Quale episodio si è sentito quasi in obbligo di inserire?
Ad esempio, ho voluto includere l’episodio, un po’ marginale, nel quale Pinocchio incontra un grande serpente che muore dal ridere. Alla fine, Pinocchio è personaggio buffo e il suo modo di fare viene considerato ridicolo dallo stesso serpente che non riuscirà a smetterla di ridere, fino a morire.
Quali caratterizzazioni, toni, ha voluto imprimere nel suo lavoro? Che stati d’animo vorrebbe suscitare a chi decidesse di prendere la sua graphic novel?
Ho deciso di impiegare il color seppia, per fare in modo che i disegni sembrassero il più possibile fotografie antiche. Le tavole dovevano, quindi, rappresentare una vecchia storia di famiglia rivisitata. Il messaggio principale di “Pinocchio” è la fatica del crescere.
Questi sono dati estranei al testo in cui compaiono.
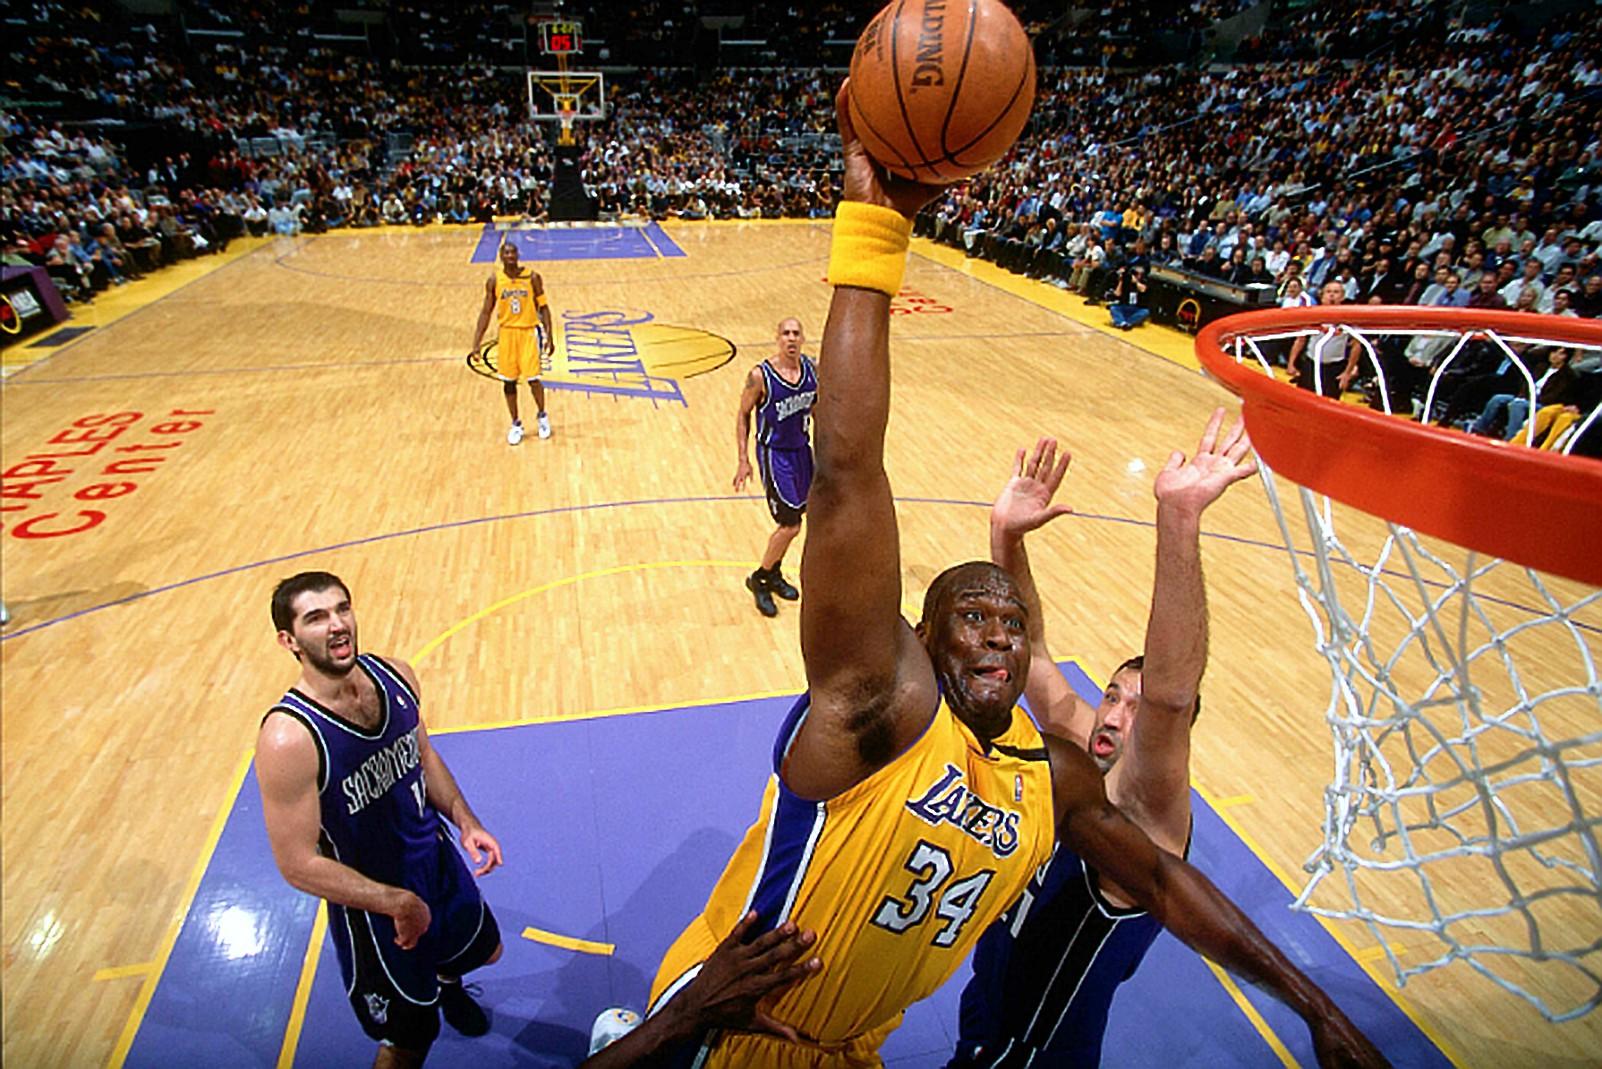 Nghe nhiếp ảnh gia huyền thoại của LA Lakers nói về khoảnh khắc bị Shaquille ONeal đè lên người  - Ảnh 3.
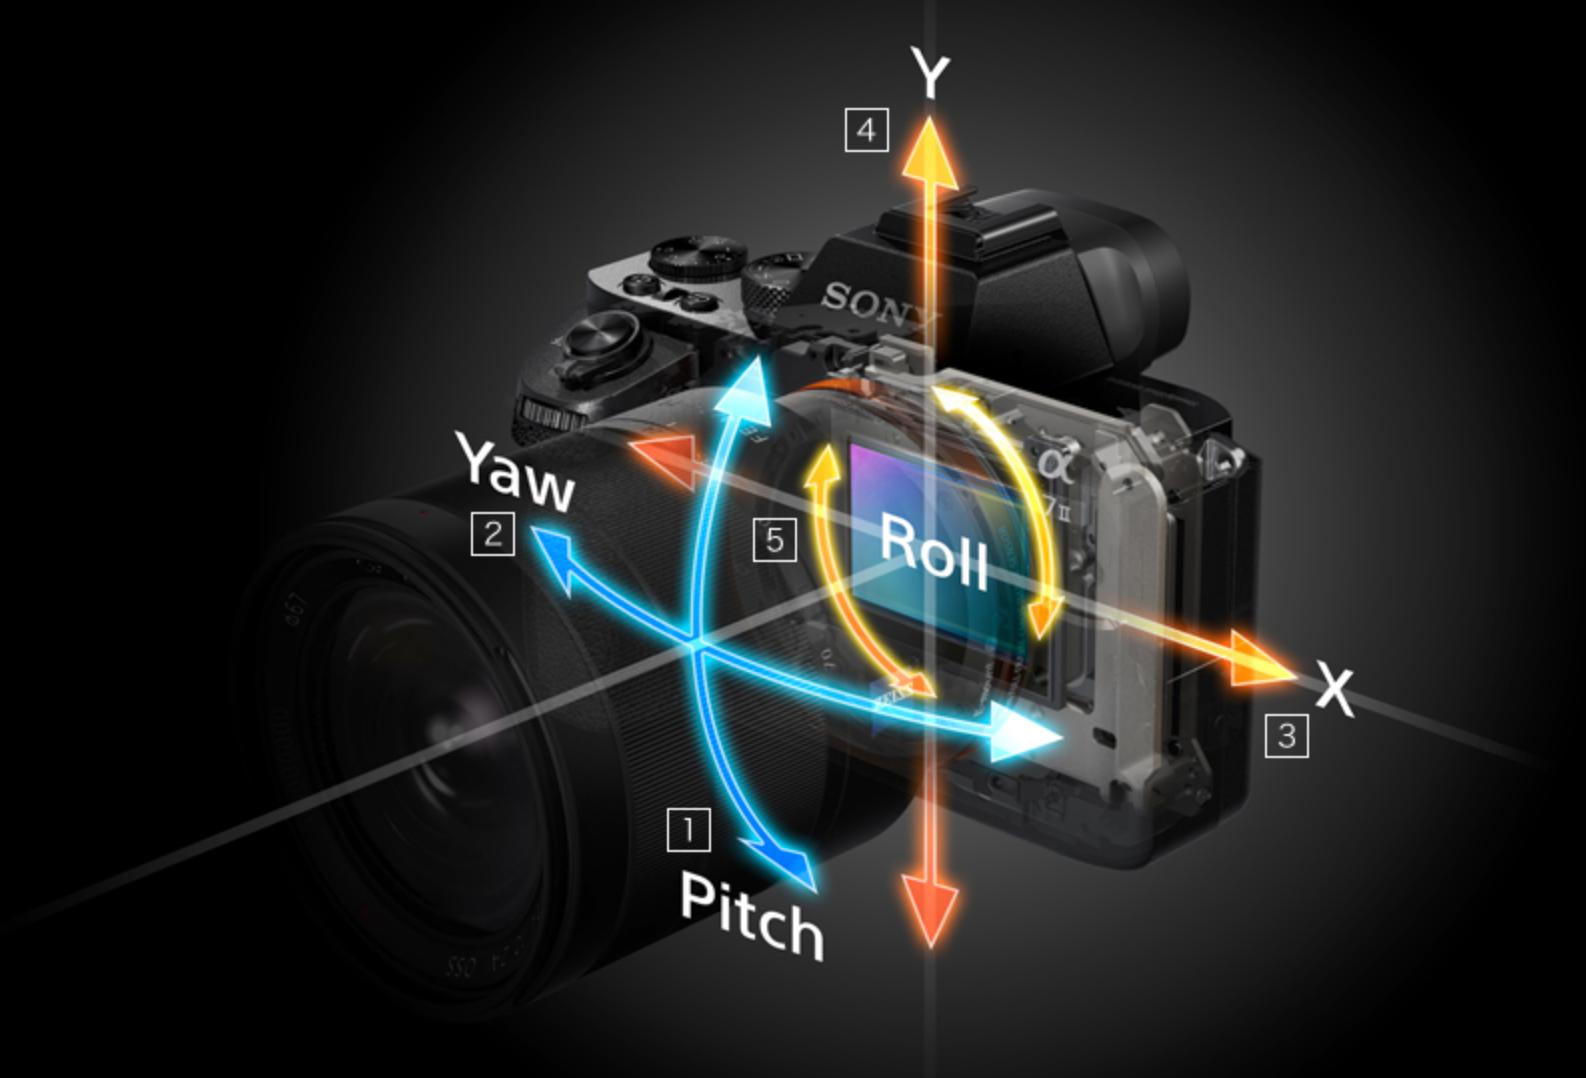 變得更完美!Sony 公佈 A7 II 全幅無反相機

Lui è personaggio scapigliato, disubbidiente, che diventa poi un perfetto borghese di fine ‘800. Questo è il senso del romanzo e, ovviamente, del mio “Pinocchio”.
Lei ha definito Pinocchio non un personaggio da fiaba, bensì da tragedia. Egli nasce burattino libero, ma sarà comunque costretto a crescere. C’è allora, in qualche modo, un rapporto con la cosiddetta “sindrome di Peter Pan”?
Forse la vicenda del burattino rappresenta piuttosto l’opposto della “sindrome di Peter Pan”. Pinocchio, infatti, soffre per poi crescere, mentre Peter Pan non vuole né soffrire e né crescere. Pinocchio è, perciò, l’esatto contrario di Peter Pan.
Tutti e due i personaggi, effettivamente, hanno ottenuto uno straordinario successo, anche se pochi hanno pensato di accostarli, mettendo in luce le loro rispettive valenze simboliche. Che idea si è fatto a riguardo?
Il loro successo è dovuto alla constatazione che il problema del crescere accomuna tutti gli esseri umani. Pinocchio e Peter Pan sono dei parenti stretti, anche se l’uno è il negativo dell’altro.
Che ne pensa dello stile e del valore letterario di Carlo Collodi?
Collodi non è un grande scrittore, ma ha creato un personaggio più grande di lui. Lo stesso è accaduto, ad esempio, con Sandokan e Sherlock Holmes, ossia personaggi la cui fama supera quello dello stesso loro creatore.
Come immagina la vita di Pinocchio dopo essere diventato finalmente essere umano in carne ed ossa? Mi riferisco alle sue considerazioni finali presenti nella prefazione…
Spero per lui che qualche volta torni ad essere il burattino che era all’inizio. Un Pinocchio tutto buone azioni è noiosissimo! Lui è stato, infatti, educato da una serie di incontrati che lo hanno segnato in negativo. Sto pensando adesso alla fatina che spesso lo ricatta o si prende gioco di lui. Stesso discorso per Lucignolo e il Gatto e la Volpe, tutti personaggi negativi. Quelli che Pinocchio teme sono, invece, positivi; ad esempio Mangiafuoco o il tonno. E’ l’ambivalenza dell’essere umano: i cattivi sono positivi, mentre quelli in apparenza positivi sono, in realtà, un po’ cattivi.
Si ritiene più uno scrittore o, invece, pittore? Oppure è una distinzione, magari, inutile nel suo caso?
E’ inutile questa separazione, perché c’è un tipo di scrittore che lavora per immagini e non considera troppo la bella scrittura, la perfezione maniacale dello stile. Io sono proprio uno di questi. E’ dall’occhio che parte la parola, questo è il mio motto.
I suoi progetti futuri?
Ho in programma due opere. Innanzitutto, sto lavorando al romanzo biografico di Giuliano l’Apostata e poi ho in cantiere una storia disegnata, che avrà come punto di riferimento il ciclo di Dante Alighieri, ossia dei romanzi di Giulio Leoni dedicati alle indagini del poeta nella sua epoca.